Those left outer joins are ugly, as the optimizer has to check them all for row – so if “A” is big, all the joins on all the rows have to be performed, even if there’s no data there. If they can be replaced with inner joins, do so, but I’m guessing not because of that “table E or table G” logic. Lesses, it sure looks like what you’ve got is three separate queries moshed into one; if you broke it out into three, unioned together, it’d look something like the Frankenstein query below. I’ve no idea if this would run faster or not (heck, I can’t even debug the query and make sure the panetheses balance), but if you’ve got sparse data relative to your logic this should run pretty fast. (I took out the date conversions to make the code more legible, you’d have to plug them back in.)
SELECT isnull(sum(Total), 0) FinalTotal from (
SELECT
sum(A.TransAmount + Case When A.BetResult = 1 Then A.BetWinAmount - A.TransAmount else 0 End) Total
FROM User_T A
INNER JOIN User_TD B on A.TID = B.TID
INNER JOIN Lines_BL C ON B.LID = C.LID
INNER JOIN Lines_BM D ON C.BMID = D.BMID
INNER JOIN Event_M E ON D.EID = E.EID
where A.UserID = U.UserID
AND A.IsSettled = 1
AND A.TransReason = 1
AND (datediff(dd, E.EDate, #EndDate) = #DaysAgo))
UNION ALL SELECT
sum(A.TransAmount + Case When A.BetResult = 1 Then A.BetWinAmount - A.TransAmount else 0 End) Total
FROM User_T A
INNER JOIN Event_KB F ON A.TransReason = F.BID
INNER JOIN Event_M G ON F.BID = G.EID
where A.UserID = U.UserID
AND A.IsSettled = 1
AND A.TransReason >= 3000
AND (datediff(dd, G.EDate, #EndDate) = #DaysAgo)
AND [dbo].[Event_CEAFKBID](A.TransReason) = 1
UNION ALL SELECT
sum(A.TransAmount + Case When A.BetResult = 1 Then A.BetWinAmount - A.TransAmount else 0 End) Total
FROM User_T A
where A.UserID = U.UserID
AND A.IsSettled = 1
AND A.TransReason BETWEEN 3 and 150
AND datediff(dd, A.TransDT, #EndDate) = #DaysAgo)
) ThreeWayUnion

You can put the case in the where cause, and not directly on select first line.
why you need to put many join if in this statment you just user the tables A,E and G?
To performance better queries you can use execution plan on management Studio.

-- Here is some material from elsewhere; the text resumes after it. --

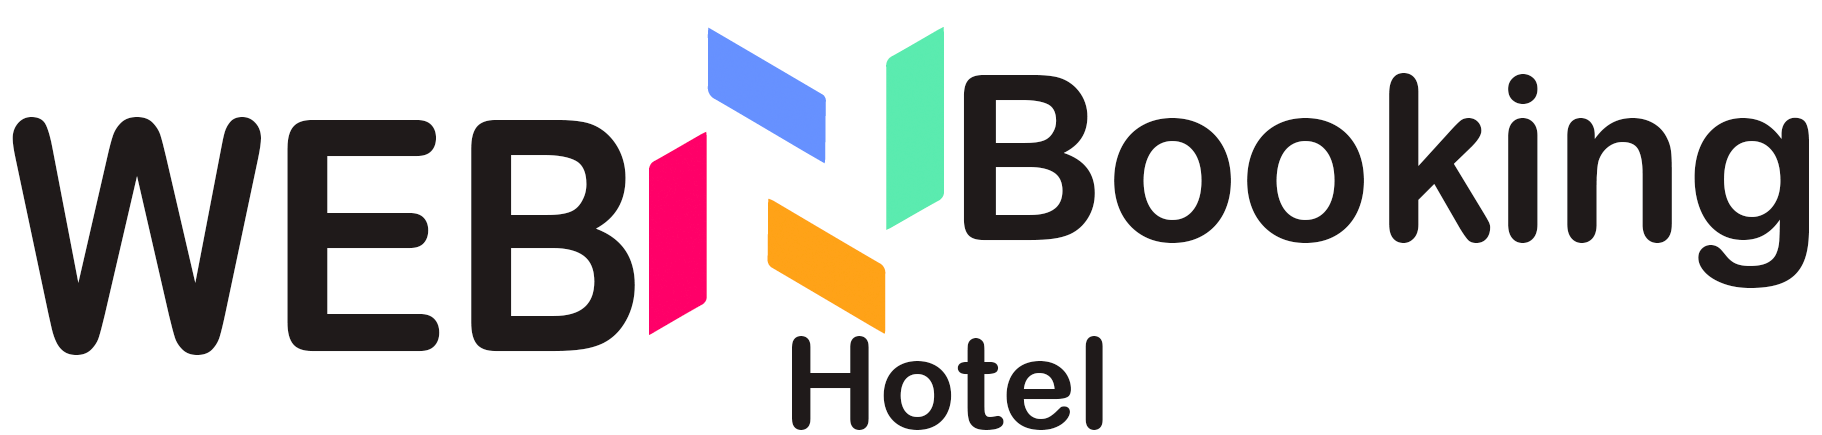 A better deal on your next hotel, motel or accommodation booking.

Correlated subqueries are a very poor programming technique which equates to using a cursor in the query. Make it a derived table instead.
And yes those functions are slowing you down. If you have to convert to datetime, your database structure needs to be fixed and the data stored correctly as datetime.

Do you need to do the conversions on the datetime for the DATEDIFF functions? Are you storing the dates as test, or are you reconverting to get rid of the time? If you are, then you don't need to as days different will be correct including time.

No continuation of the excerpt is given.